Zum Abschluss der Innenministerkonferenz (IMK) von Bund und Ländern forderte Niedersachsens Innenminister Boris Pistorius (SPD) am Freitag in Stuttgart die Banken auf, mehr für die Sicherheit ihrer Geldautomaten zu tun. Schließlich gingen von diesen Taten Gefahren für Bankkunden und Anwohner aus, die im schlechtesten Fall durch die Sprengung erheblich verletzt werden könnten. Sein rheinland-pfälzischer Amtskollege Roger Lewentz (SPD) begrüßte nach eigenen Worten «die Prüfbitte der IMK an das Bundesinnenministerium, sich für eine rechtliche Verpflichtung von Herstellern und Betreibern von Geldautomaten» für mehr Sicherheit einzusetzen.
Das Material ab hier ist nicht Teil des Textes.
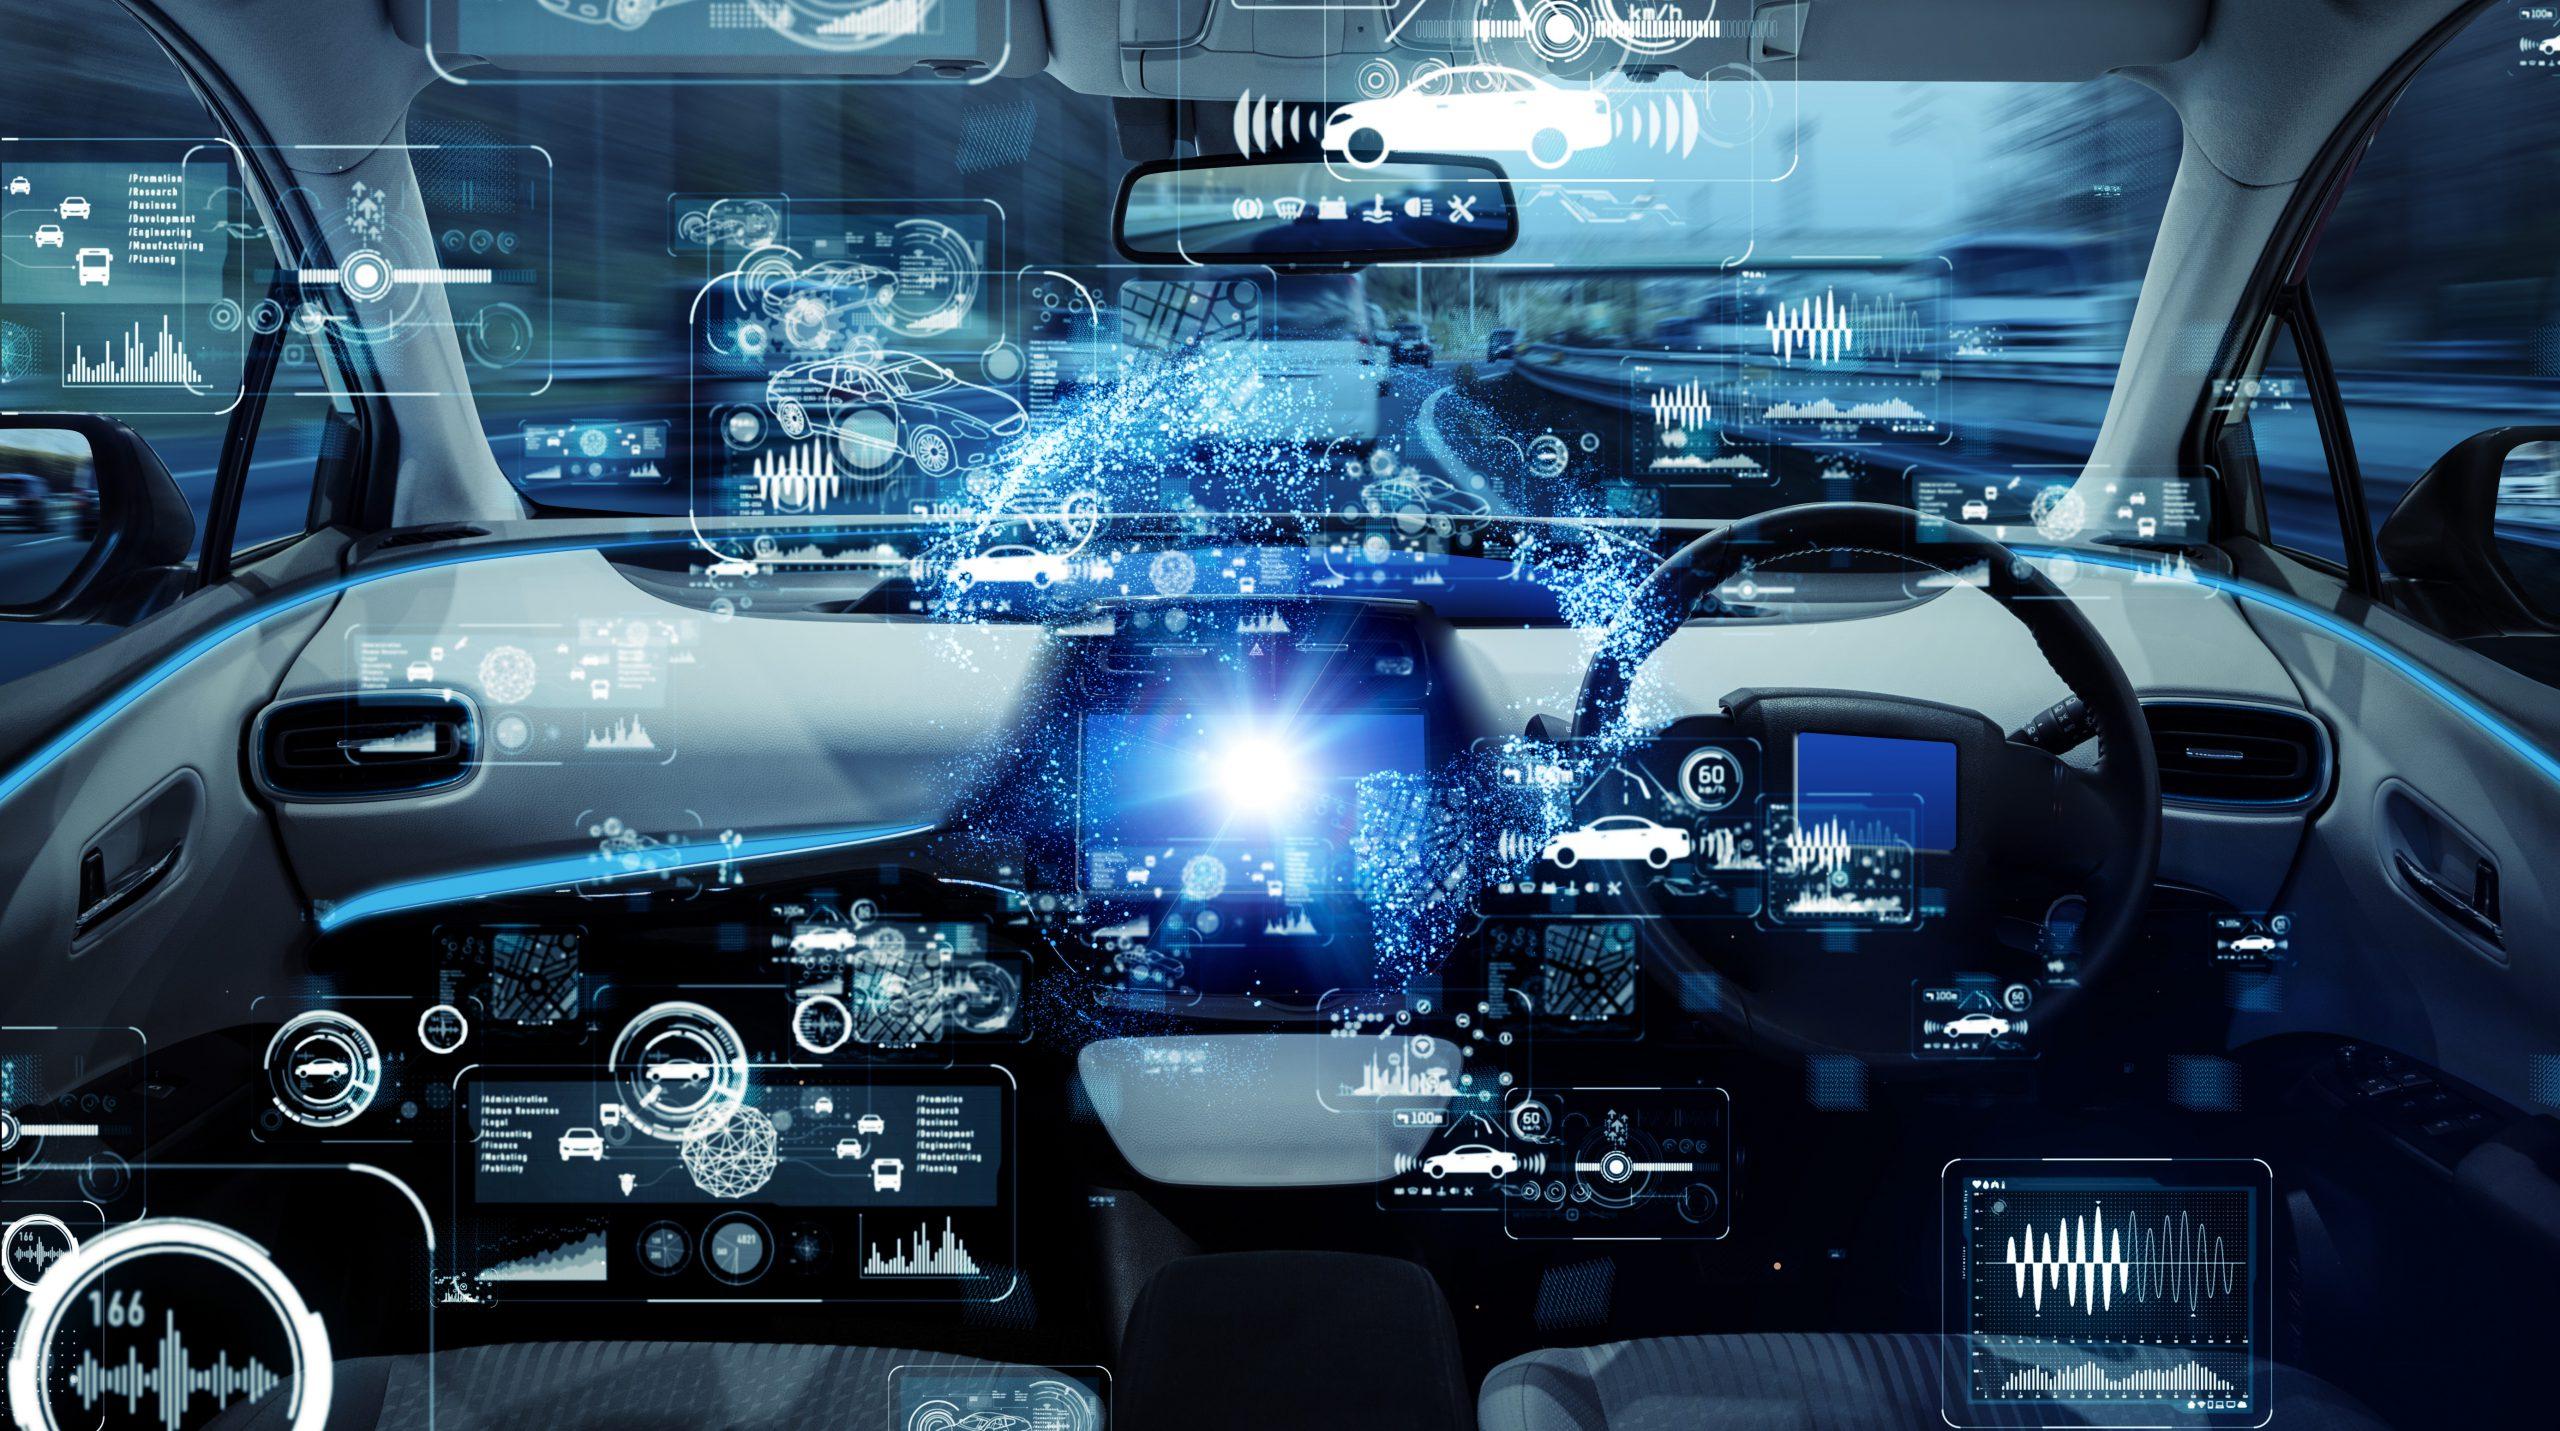 AUTOSAR開発体験キット「メモリ保護編」発売 | FUJISOFT Technical Report

2020 war mit 35 versuchten und erfolgreichen Automatensprengungen in Rheinland-Pfalz das bisherige Rekordjahr. 2021 kam es bislang laut LKA zu 21 derartigen Straftaten. Oft übersteige der Sachschaden die Beutesumme. Nach jüngsten Zahlen des Innenministeriums in Mainz erbeuteten Geldautomaten-Knacker 2020 insgesamt gut 2,1 Millionen Euro im Land. «Der Gesamtschaden inklusive der Gebäudeschäden liegt bei mehr als 4,4 Millionen Euro», hieß es weiter. 2019 wurde zudem laut dem LKA ein eigener Mitarbeiter bei der kriminaltechnischen Untersuchung von sichergestelltem Festsprengstoff leicht verletzt.

Die Aufklärungsquote bei Sprengungen von Geldautomaten erreichte nach Angaben des LKA im vergangenen Jahr im Bundesland 54 Prozent – und in diesem Jahr bislang einen deutlich niedrigeren Wert. Allerdings laufen noch Ermittlungen.

Oft kommen Geldautomaten-Knacker mit schnellen Wagen in der Dunkelheit, sprengen sich das Bargeld frei und brausen davon – auch ohne Licht. Nicht selten sind es laut Europol Täter aus den Niederlanden. Auch im aktuellen Prozess vor dem Landgericht Koblenz soll der Angeklagte einer Bande in dem Nachbarland angehört haben.

Nach Angaben der Deutschen Kreditwirtschaft haben die Banken in der Bundesrepublik schon einiges getan, um ihre Automaten sicherer zu machen. Das reiche von der Schließung besonders gefährdeter Automaten in der Nacht über die Aufschaltung von Einbruchsmeldungen bis eben zum Einsatz von Anti-Gas- und Vernebelungssystemen.

Auch das LKA in Mainz empfiehlt beispielsweise Videoüberwachung sowie weniger Bargeld in den Automaten. Die Präventionsstellen der Polizei beraten Banken und Sparkassen. «Durch die Umsetzung eines individuellen und gestaffelten Sicherungskonzeptes können viele Taten und Tatgelegenheiten deutlich erschwert, unterbunden beziehungsweise Taten auch besser aufgeklärt werden», erklärte die Polizeibehörde.